M417 Homework 8 Solutions Spring 2004
  1. The 3rd Isomorphism Theorem (AKA the Freshman's Delight): Consider groups A < B < C, where A and B are normal subgroups of C. Show that B/A is a normal subgroup of C/A, and that (C/A)/(B/A) is isomorphic to C/B.
    Answer: Let f : C -> C/A be the quotient homomorphism, defined as f(c) = cA. This is surjective, so by Problem 2 of homework 7, f(B) = {bA : b is in B} = {all cosets of A in B} = B/A is a normal subgroup of C/A. Let g : C/A -> (C/A)/(B/A) be the quotient homomorphism and consider the composite homomorphism h = gf : C -> C/A -> (C/A)/(B/A). This is surjective since both f : C -> C/A and g : C/A -> (C/A)/(B/A) are. Thus by the 1st Isomorphism Theorem, C/ker(h) is isomorphic to h(C) = (C/A)/(B/A). All we need to do is show that ker(h) = B. But if x is in B, then h(x) = gf(x) = g(xA) is a coset of A in B. But the kernel of a quotient homomorphism is the group you're modding out by. Thus ker(g) = B/A, and xA is a coset of A in B; i.e., xA is in B/A, so g(xA) is the identity in (C/A)/(B/A). This shows that the kernel of h contains B. Now assume x is in C - B (i.e., in C but not in B). Then h(x) = g(xA), but xA is not a coset in B, since x is not in B. This means xB is not in ker(g) = B/A, so g(xA) is not the identity in (C/A)/(B/A), so x is not in ker(h), hence ker(h) is exactly B, as we needed to show.

  2. Find all solutions x to:
               x mod 37 = 17
               x mod 29 =  6
    Answer: The set of solutions for x is { 905 + k37*29 : k is an integer }. It is easy to check that 905 is a solution (which you can find directly by either of the two methods discussed in class), and by the Chinese Remainder Theorem, every other solution differs from this one by a multiple of 37*29.

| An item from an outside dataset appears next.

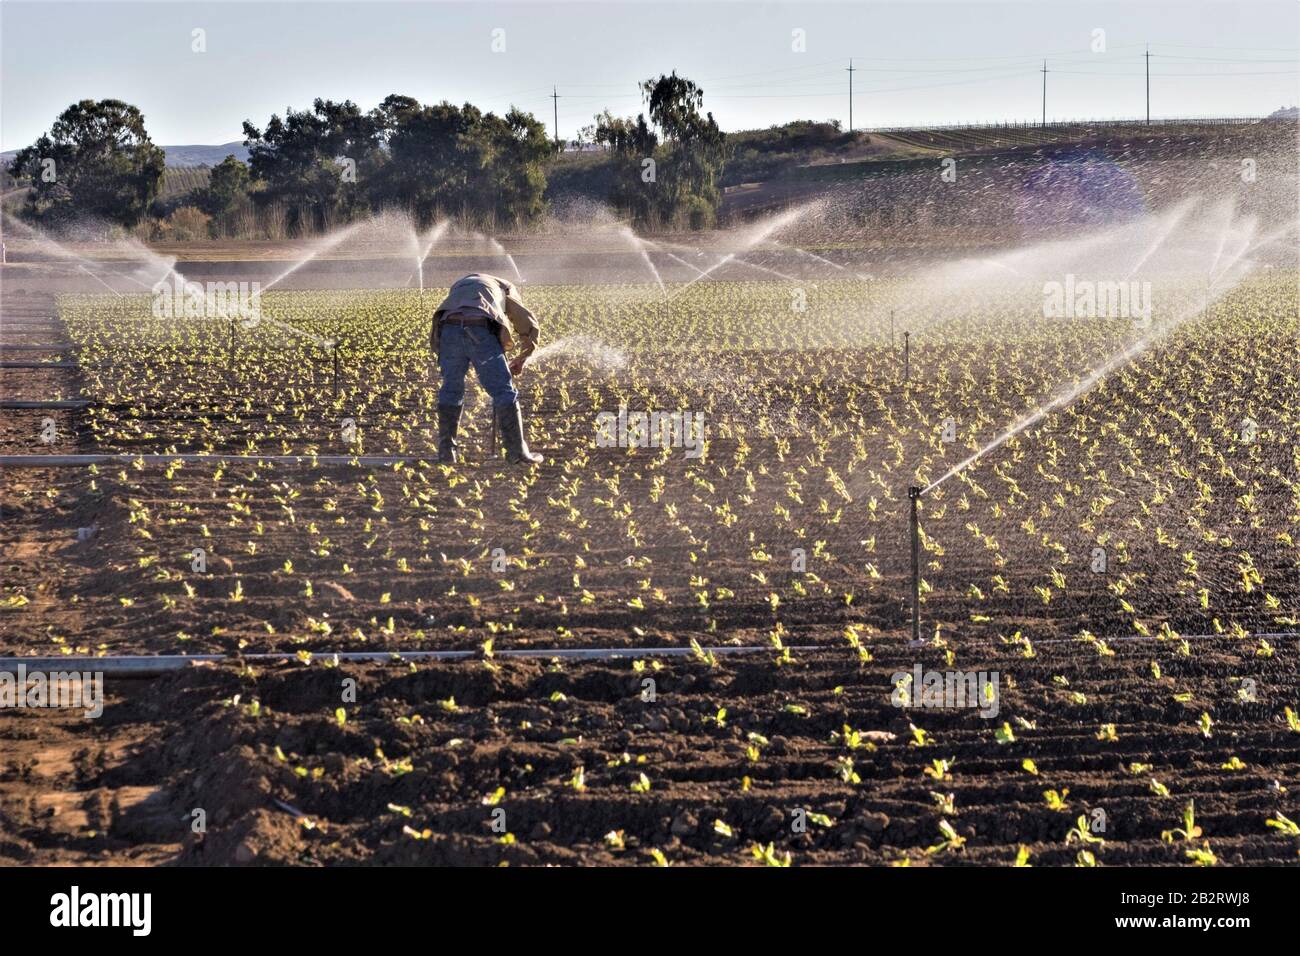 Farmer adjusting sprinkler irrigation system on newly planted crop during the 7 year drought in California central coastal area Stock Photo

  3. Define f : Zm x Zn -> Zmn by f((x, y)) = nx + my mod mn.
    Answer: (a) Consider f((x,y)+(u,v)). Let a = x + u mod m and let b = y + v mod n, so a + sm = x + u for some s, and b + tn = y + v for some t. Now (x,y)+(u,v) = (a, b) in the group Zm x Zn and f((a, b)) = na + mb mod mn. But f((x, y)) + f((u, v)) = (nx + my) + (nu + mv) mod mn = n(x+u) + m(y+v) mod mn = n(a + sm) + m(b+tn) mod mn = na + mb + mn(s + t) mod mn = na + mb mod mn = f((a, b)) = f((x,y)+(u,v)), so f is a homomorphism.
    (b) If gcd(m, n) = 1, then there are x and y such that nx + my = 1. Of course, the given x and y might not be in the ranges 0 <= x < m and 0 <= y < n. So pick s and t such that x + sm and y + tn are in these ranges. Then (x + sm, y + tn) is in Zm x Zn, and f((x + sm, y + tn)) = nx + my + nm(s + t) mod mn = 1 mod mn. Thus 1 is in H = f(Zm x Zn), and since H is a subgroup of Zmn but 1 generates all of Zmn, we see H = Zmn, so f is surjective. Since |Zmn| = |Zm x Zn|*|ker(f)| by Problem 5 on Homework 6, but |Zmn| = mn = |Zm x Zn|, we see |ker(f)| = 1, so f is injective. Thus f is an isomorphism.
    (c) For m = 9 and n = 11, we have 5n - 6m = 1, and replacing -6 by 11 - 6 = 5, we have f((5, 5)) = 5n + 5m mod mn = 1. So the inverse h : Zmn -> Zm x Zn must take 1 to (5, 5), and hence h(x) = (5x mod m, 5x mod n). [Note that this is not the same isomorphism we found in class; that one was x -> (x mod m, x mod n). Thus when gcd(m, n) = 1, the easiest isomorphism Zmn -> Zm x Zn to define is x -> (x mod m, x mod n), while the easiest isomorphism Zm x Zn -> Zmn to define going back is (x, y) -> nx + my mod mn, but these are not inverses of each other.]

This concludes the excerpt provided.